Foreign institutional investors (FIIs) bought equities worth Rs 4098.2 crore this week, while domestic institutional investors (DIIs) sold equities worth Rs 677.45 crore.

However, in the month till now, FIIs purchased equities worth Rs 17,376.31 crore and DIIs sold equities worth Rs 4,674.68 crore.

“Going ahead, markets will also keep a tab on monsoon movement. In the latest update, the IMD expects the onset of monsoon over Kerala is likely to be slightly delayed,” Chouhan pointed out.

Where is Nifty50 headed?

Osho Krishan, Sr Analyst – Technical & Derivative Research, Angel One

The recent correction was certainly expected after the decent run and the overall chart structure remains robust, with bulls firmly able to withhold the pivotal support.

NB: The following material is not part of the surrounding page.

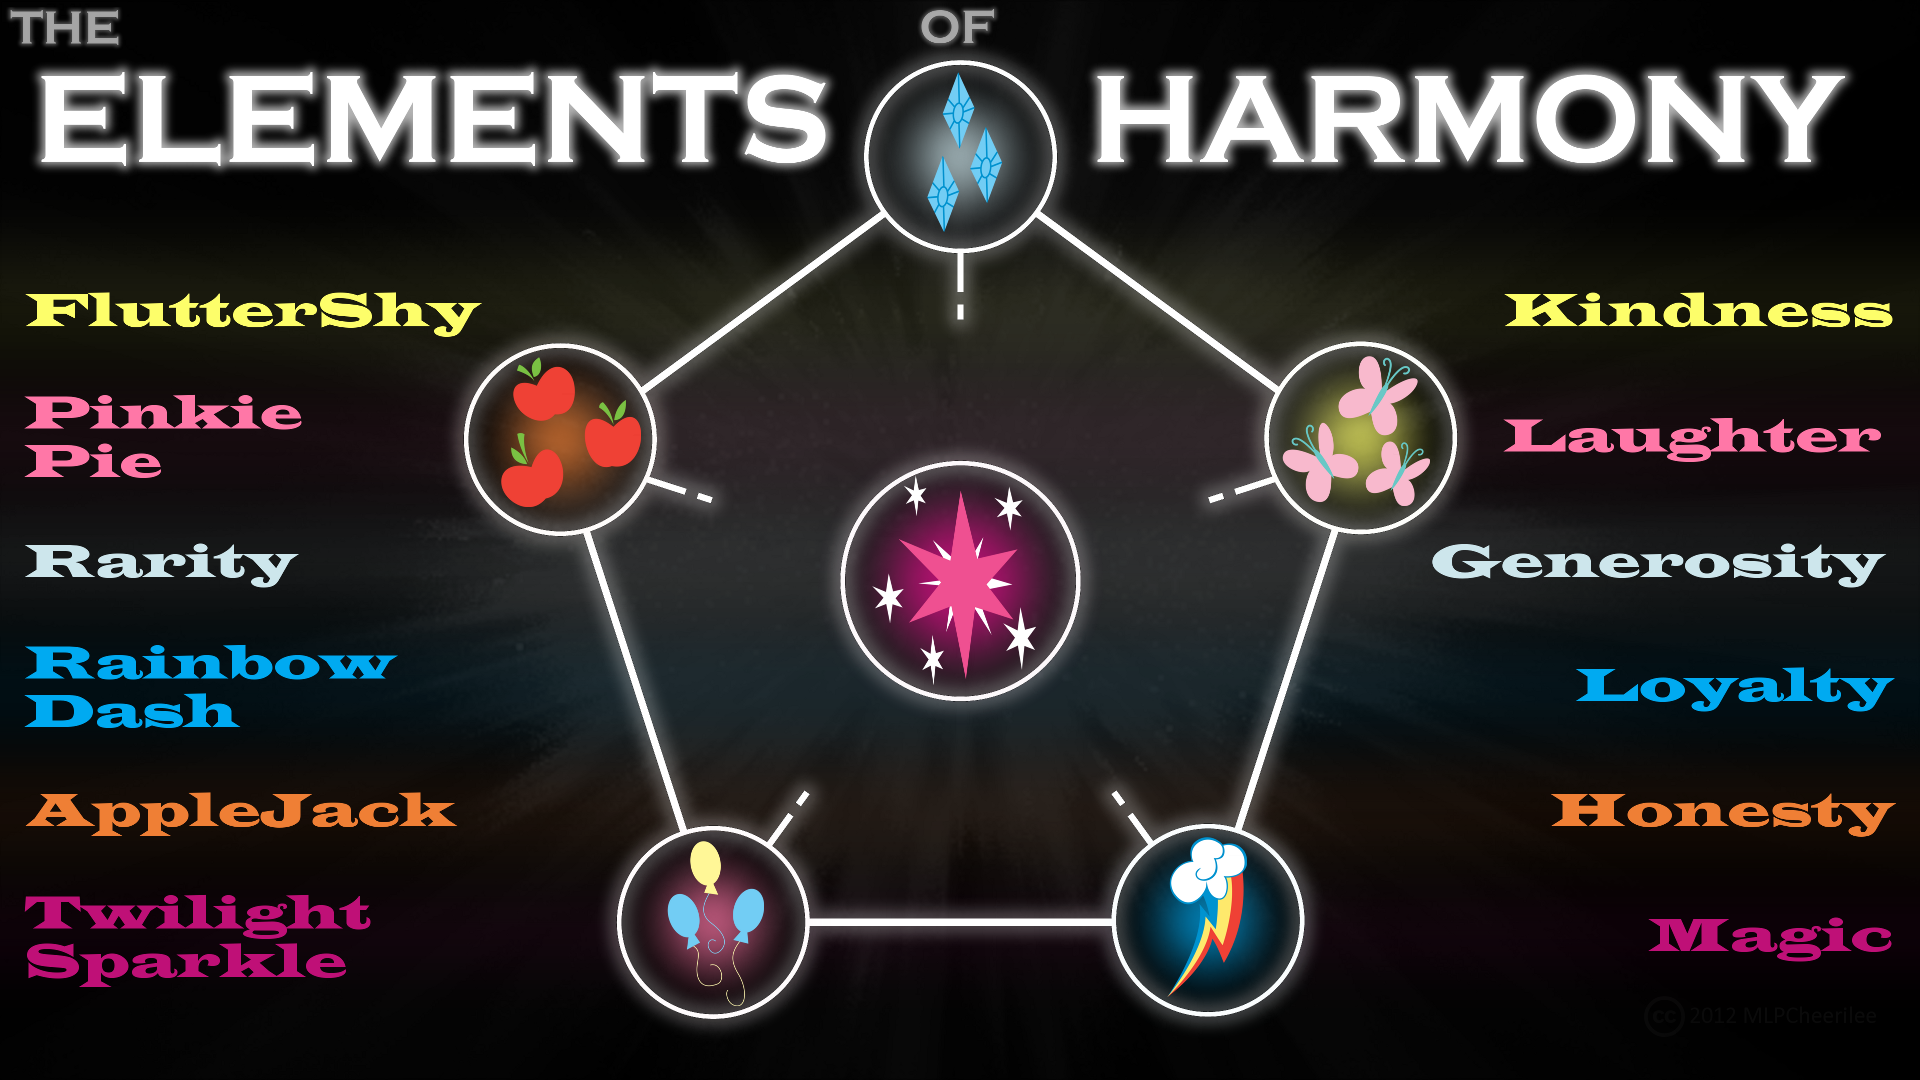 The Elements of Harmony

Even on the hourly chart, the formation of the ‘Wolfe Wave’ pattern with the positive divergence in the RSI-smoothened contributes to the positive development for the index, and we may expect the runup to continue in the coming period.

On the technical levels, the 18,050-18,000 was firmly safeguarded, showcasing the importance of pivotal support and is expected to act as a sheet anchor in the comparable period. On the higher end, 18,400-18,450 is likely to act as the sturdy wall and a decisive breach would only trigger fresh longs in the system in the future.

We remain sanguine with a robust approach post the price-wise correction in the index. Also, the banking index is nearing the lifetime high zone, and any breach could contribute to the upliftment of the market sentiments. Simultaneously, amidst the broader market participation, one needs to keep a stock-centric approach for better trading opportunities and stay abreast of global developments.

Jatin Gedia, Technical Research Analyst, Sharekhan by BNP Paribas:

The positive divergence on the hourly momentum indicator indicated loss of momentum on the downside which in turn helped the upmove. Thus, both price and momentum indicator suggest that there could be further upmove over the next few trading sessions.

In terms of levels, 18,300 – 18,350 is the immediate hurdle zone while 18,100 – 18,050 shall act as a crucial support zone for the Nifty. Overall, we still believe that the Nifty is in a consolidation mode and the range of consolidation is likely to be 18,000 – 18,400.